Until now, Jordan has been mostly playing roles that couldn’t possibly go to a white actor. He’s been smart and lucky enough to have those roles come in the form of two of the most critically acclaimed shows of the decade, The Wire and Friday Night Lights. He’s also kept a healthy attitude about the typecasting, recognizing that his ability to add complexity and relatability to roles of troubled urban youths is in itself a launching pad to bigger things. “Unfortunately you gotta play the game,” he says. “You gotta do what you gotta do for a little bit, and I had to excel in certain areas to get chances to do things that are a little more unconventional, a little different than people are used to seeing me play.”

The plan seems to be working: These roles got him the chance to play a telekinetic teen in 2011’s surprise sci-fi hit Chronicle, a role originally written for a Jewish kid. FNL producer Jason Katims drafted him a guest arc in Parenthood, as an alcoholic love interest to the bookish daughter Haddie. Soon he’ll be seen as an ER doctor in the upcoming bromantic comedy Are We Officially Dating? with Zac Efron and Miles Teller; a “crazy” photographer in a love triangle in Josh Boone’s upcoming indie The Pretenders; and Apollo Creed’s boxing grandson in Ryan Coogler’s next directing foray, Creed, a reboot of the Rocky franchise. And he’s being considered to play Johnny Storm in the reboot of The Fantastic Four, from Chronicle director Josh Trank. Fan boys have been in an uproar about the possibility, because Johnny Storm in the comics is blond-haired and blue-eyed, just as they were in an uproar about Donald Glover possibly playing Spider-Man. Jordan, who won’t confirm whether he has the part or not, has chosen to stay out of the muck of public opinion. As he said in the New York profile, “If the opportunity came up for a role like that, why would I say no? Why wouldn’t I? I’d be like, ‘No, no, no, I’m black, guys. I’m sorry, no. I can’t play that.’”

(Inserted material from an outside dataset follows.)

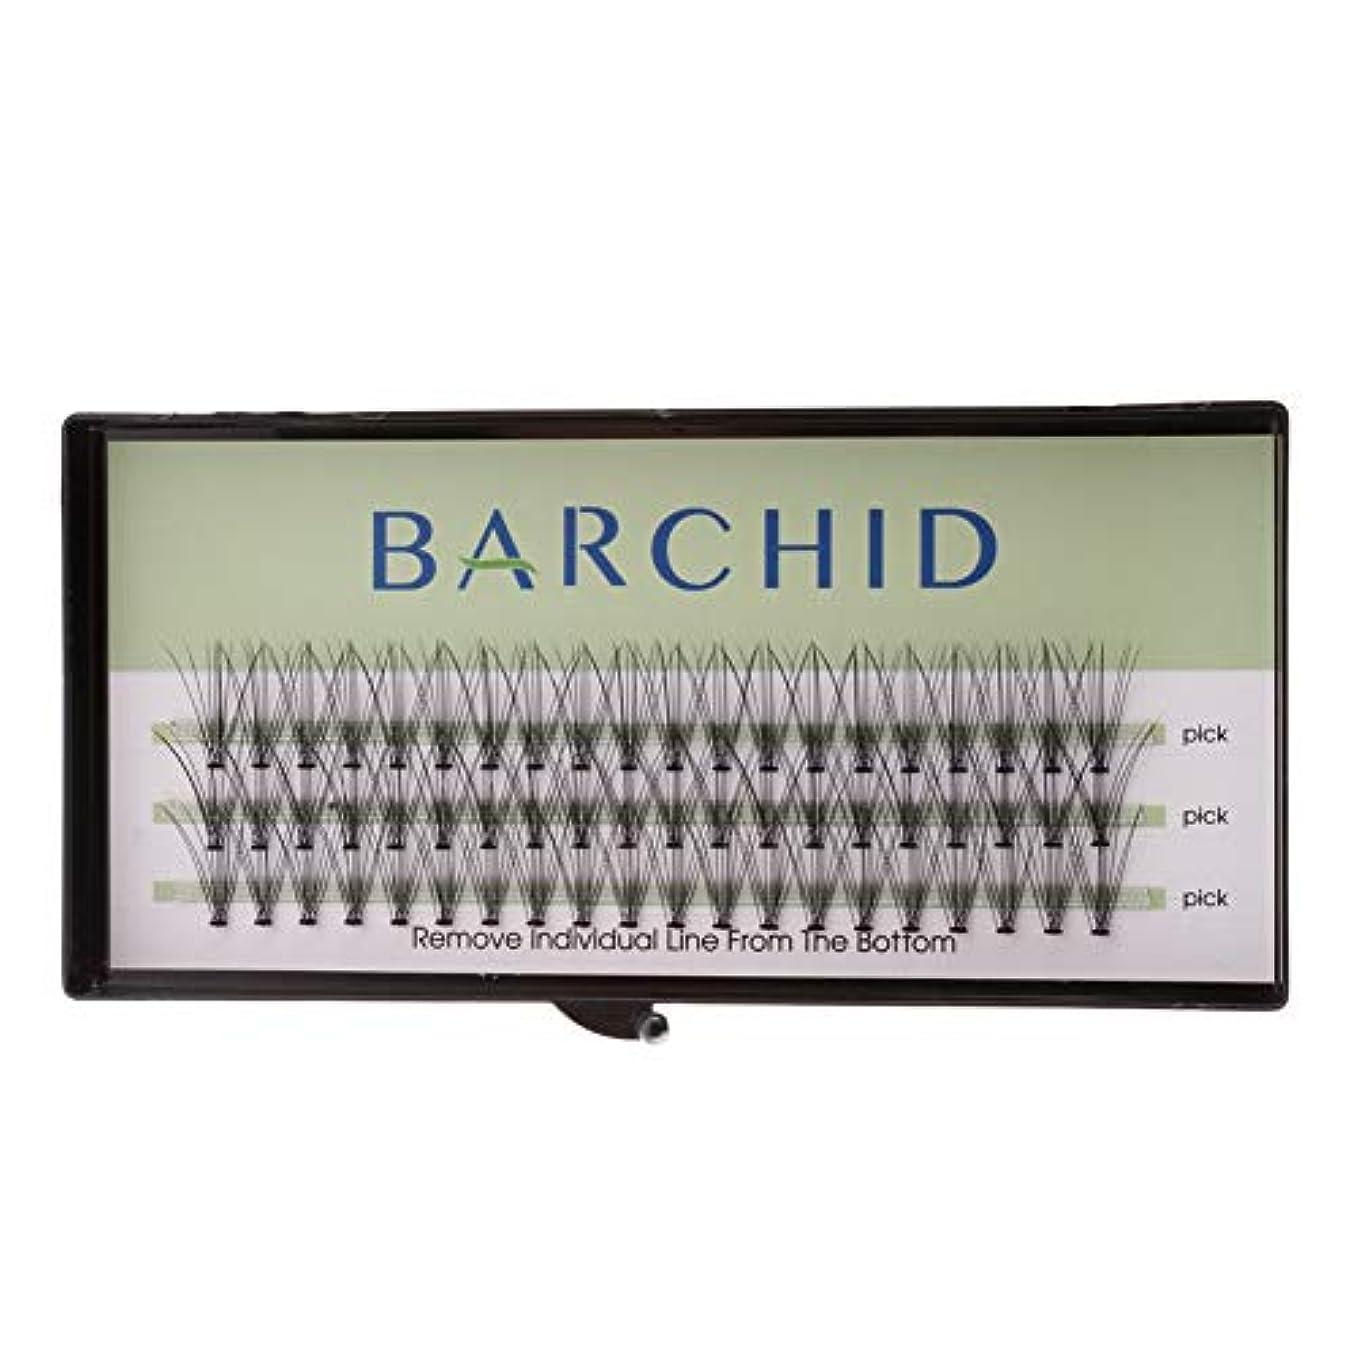 環境に優しい舞い上がる不信BARCHID 高品質超極細まつげエクステ太さ0.07mm Cカール フレア セルフ用 素材 10本束14mm マツエク

“I would love to play a psychopath,” he continued. “Oh man, that would be amazing. I want my love role. I’ve never been in love [in a movie] before, so I want to know what that’s like. I want to play that action hero, that guy that saves the day. I want to play the role that’s a little off and weird. I want to play the killer. I want to get inside the head of somebody like that. I want to be a pilot. I want to play the astronaut. I want to play the oil rigger in the Pacific. I can’t wait to be up for, say, the next Jason Bourne.”

His strategy is just to continue to “make smart choices and do movies that appeal to everybody and playing characters that aren’t written for the black guy. You know, ‘Oh, he’s the black guy, you know, mom’s on drug’s, dad’s not around, dad comes back around, they have issues, he’s in a gang, he robs people.’ It’s the same fucking scenarios. Why can’t he be the guy that’s in med school? Or just dealing with regular people shit? Those roles need to become more of an abundance because then it starts to become less surprising when I’m playing a role people wouldn’t expect me to play.”

Getting an abundance of choices for roles doesn’t guarantee success for an African-American actor, any more than it does for any actor. Take the cautionary tale of Cuba Gooding Jr., who parlayed his breakout in Boyz n the Hood into landing respected projects like A Few Good Men, Outbreak, and his Oscar-winning “show me the money” role in Jerry Maguire. Then, his star rising, he did color-blind cash grabs in Snow Dogs, Boat Trip, Norbit, and Daddy Day Care (a streak that included two Golden Raspberry nominations for Worst Actor). It could happen to anyone who is dangled big paychecks. Presumably Jordan would show better taste than that, but it would be a big step to be offered the messiness of choice.